- WHAT TO PRODUCE
The whole listing below should be printed again exactly, with no images.

- DATA BLOCK
********

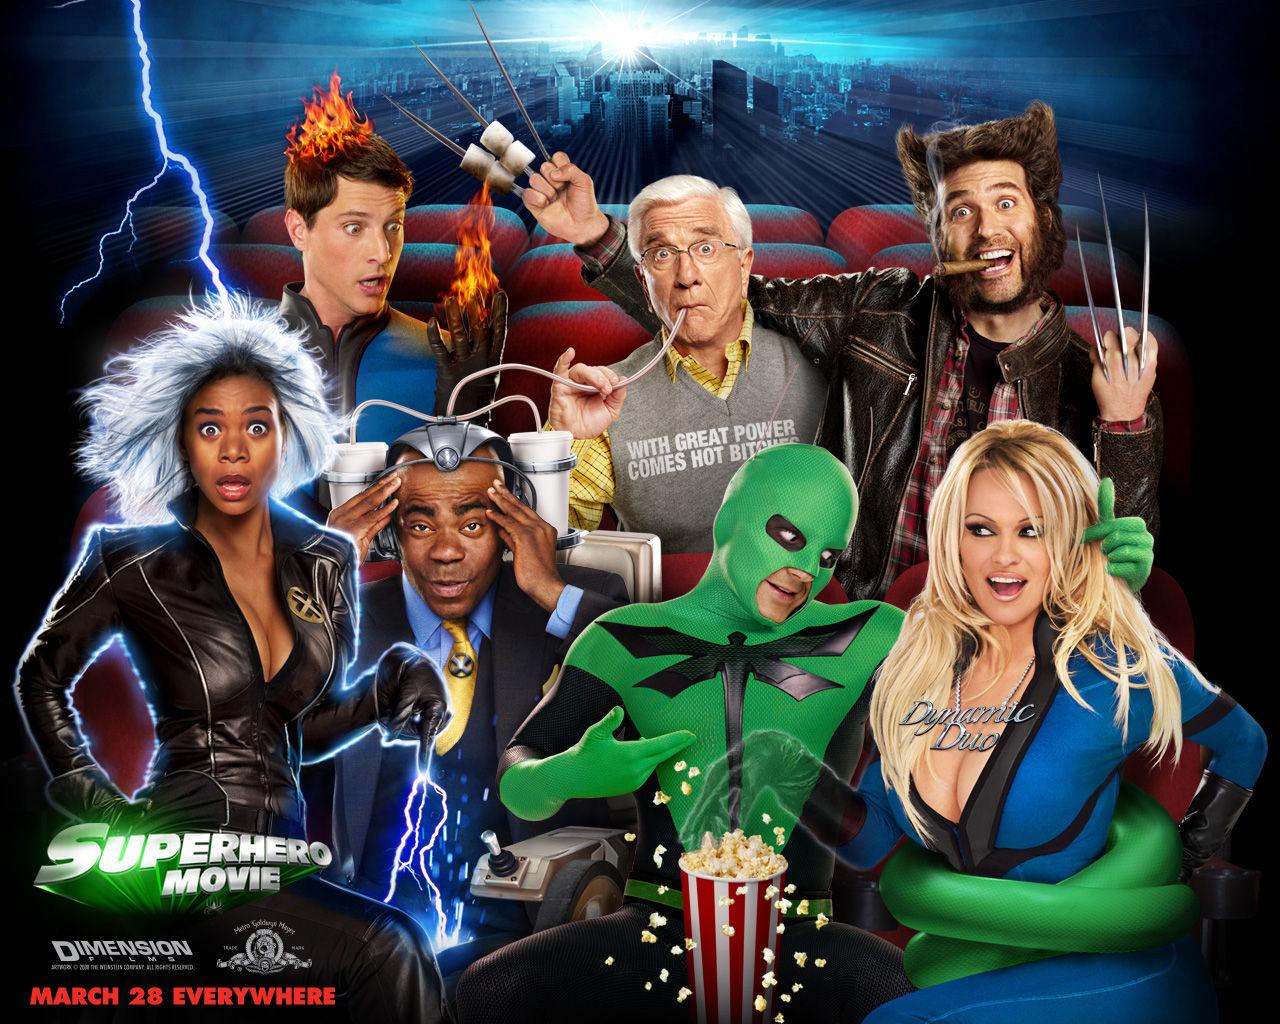 superhero_movie01
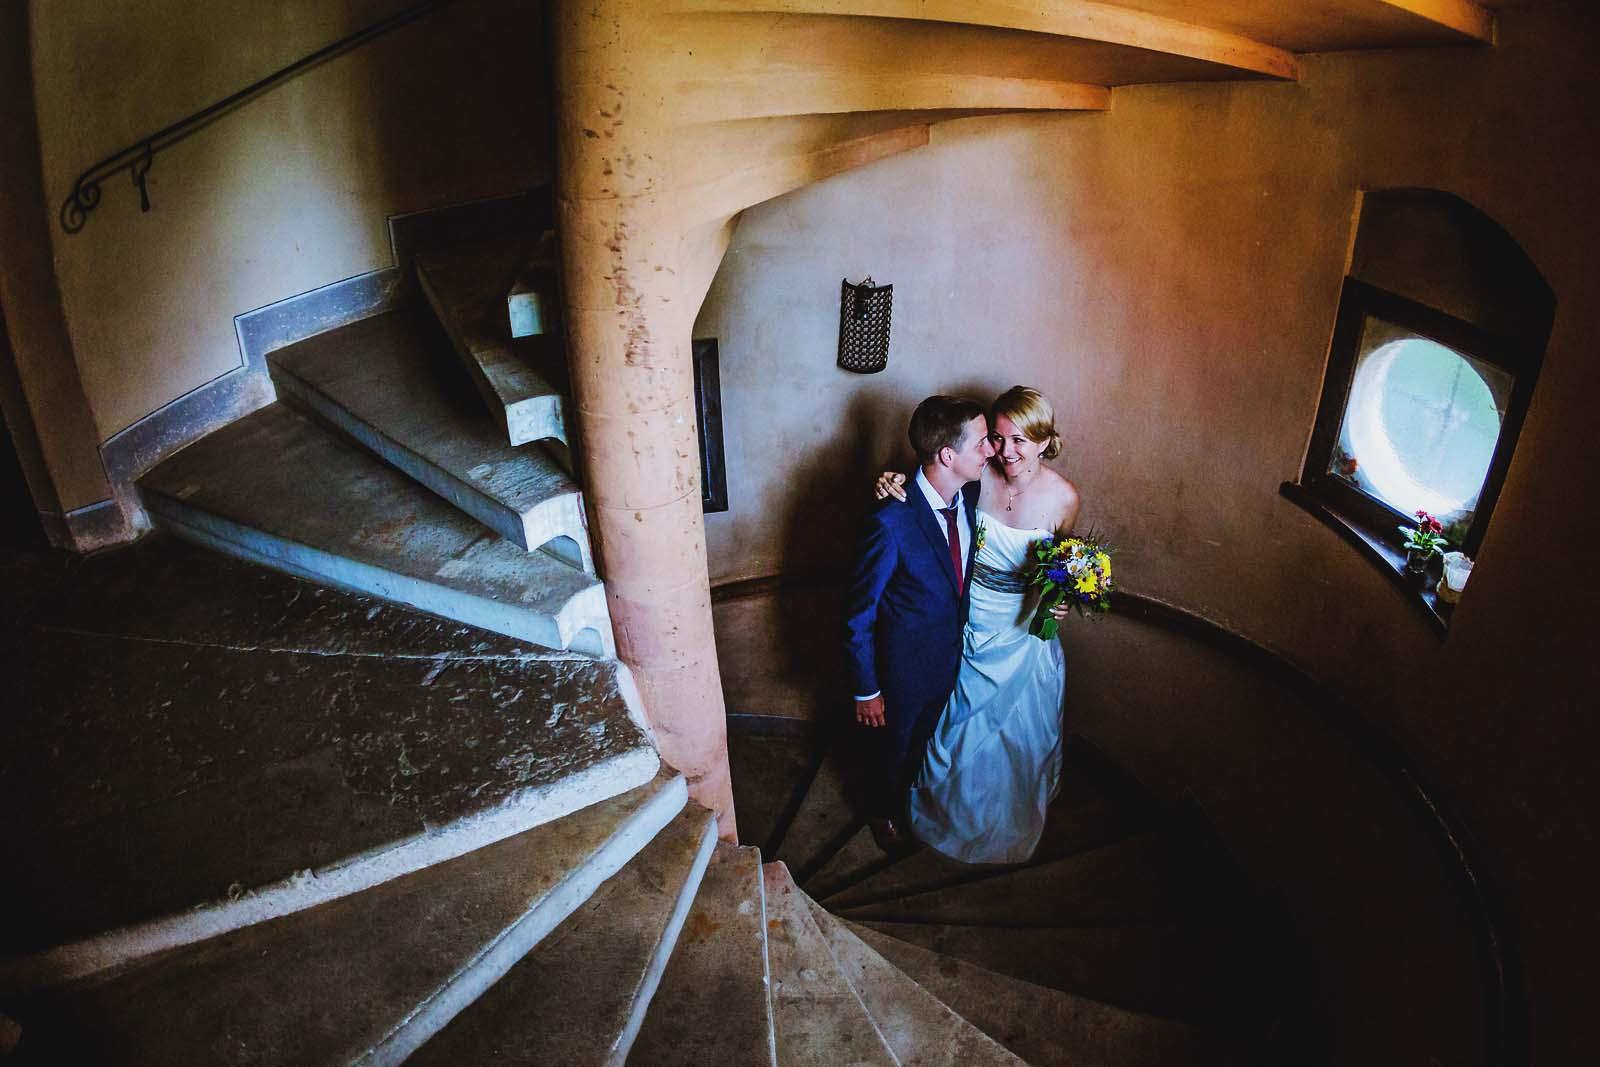 Hochzeitsfotograf Dresden beim Fotoshooting im Schloss Scharfenberg Copyright by Hochzeitsfotograf www.berliner-hochzeitsfotografie.de
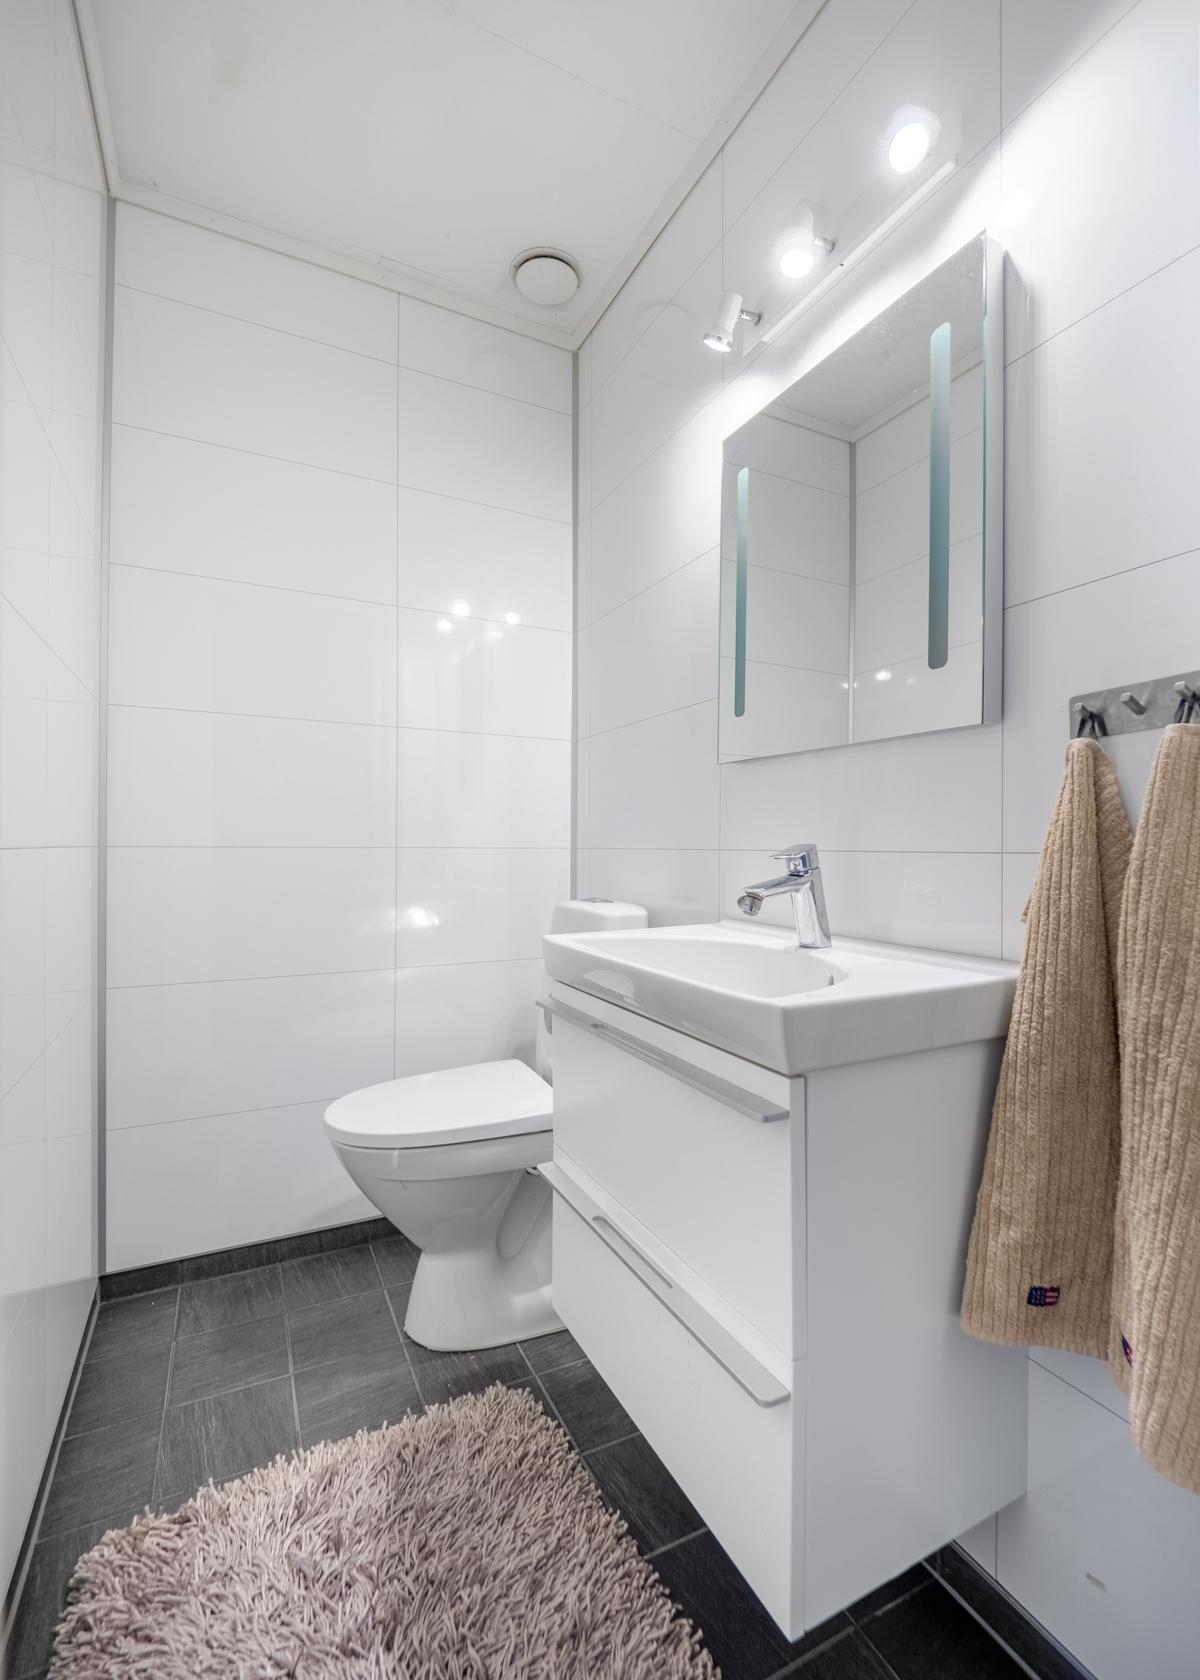 Separat toalett med wc og servantinnredning
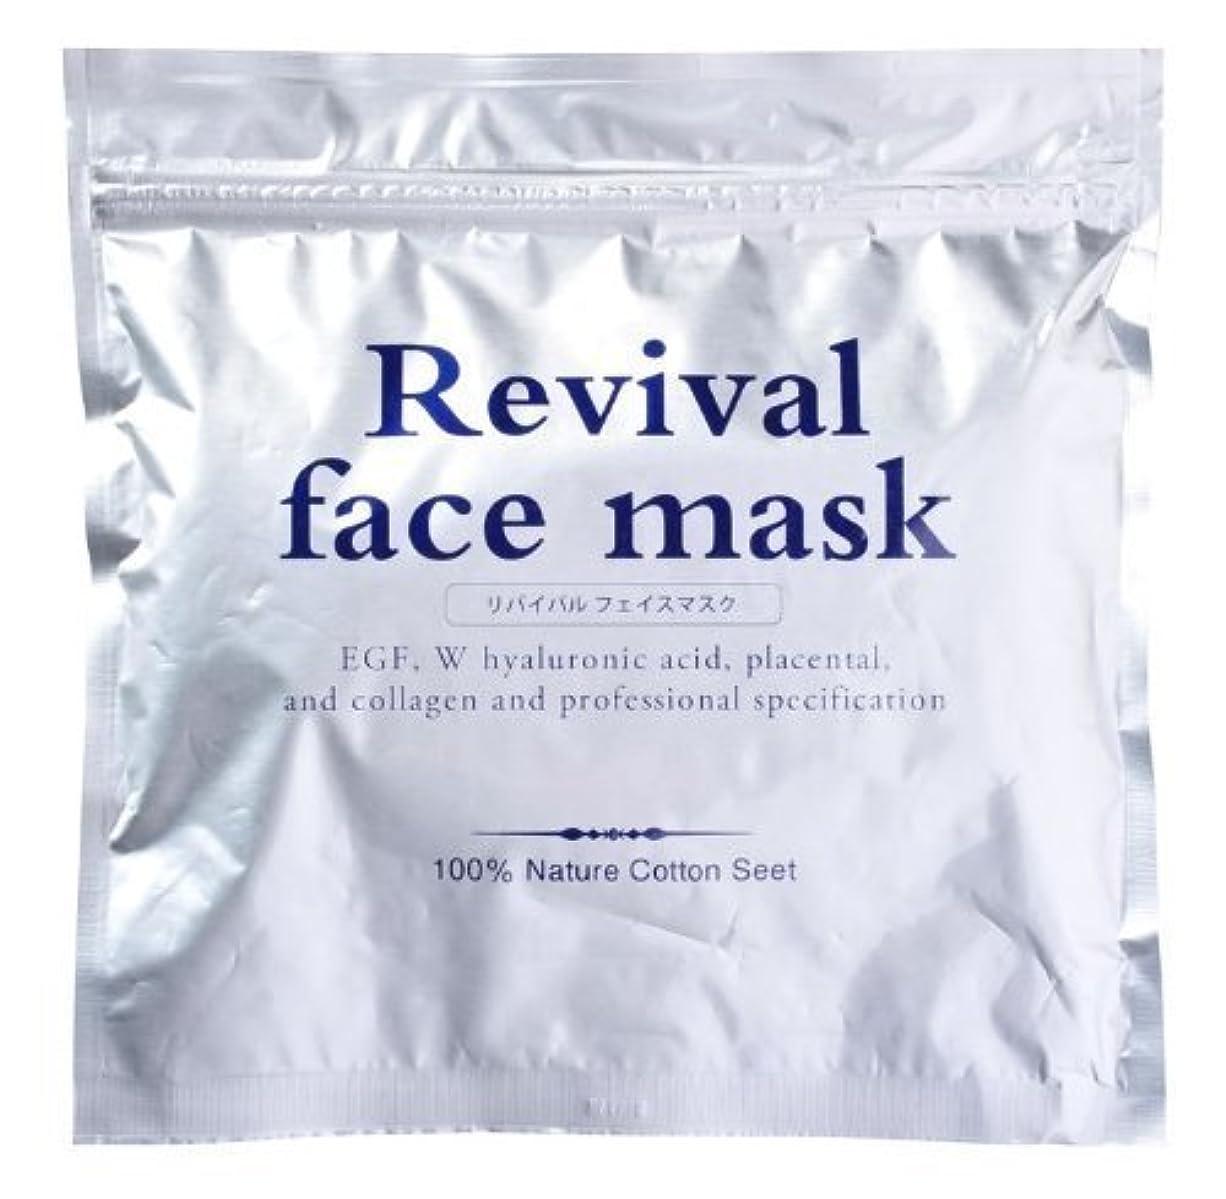 テメリティ滑りやすいあいまいなリバイバル フェイスマスク 30枚

********

- WORKED SOLUTION
 superhero_movie01
 Hochzeitsfotograf Dresden beim Fotoshooting im Schloss Scharfenberg Copyright by Hochzeitsfotograf www.berliner-hochzeitsfotografie.de
 Separat toalett med wc og servantinnredning
 テメリティ滑りやすいあいまいなリバイバル フェイスマスク 30枚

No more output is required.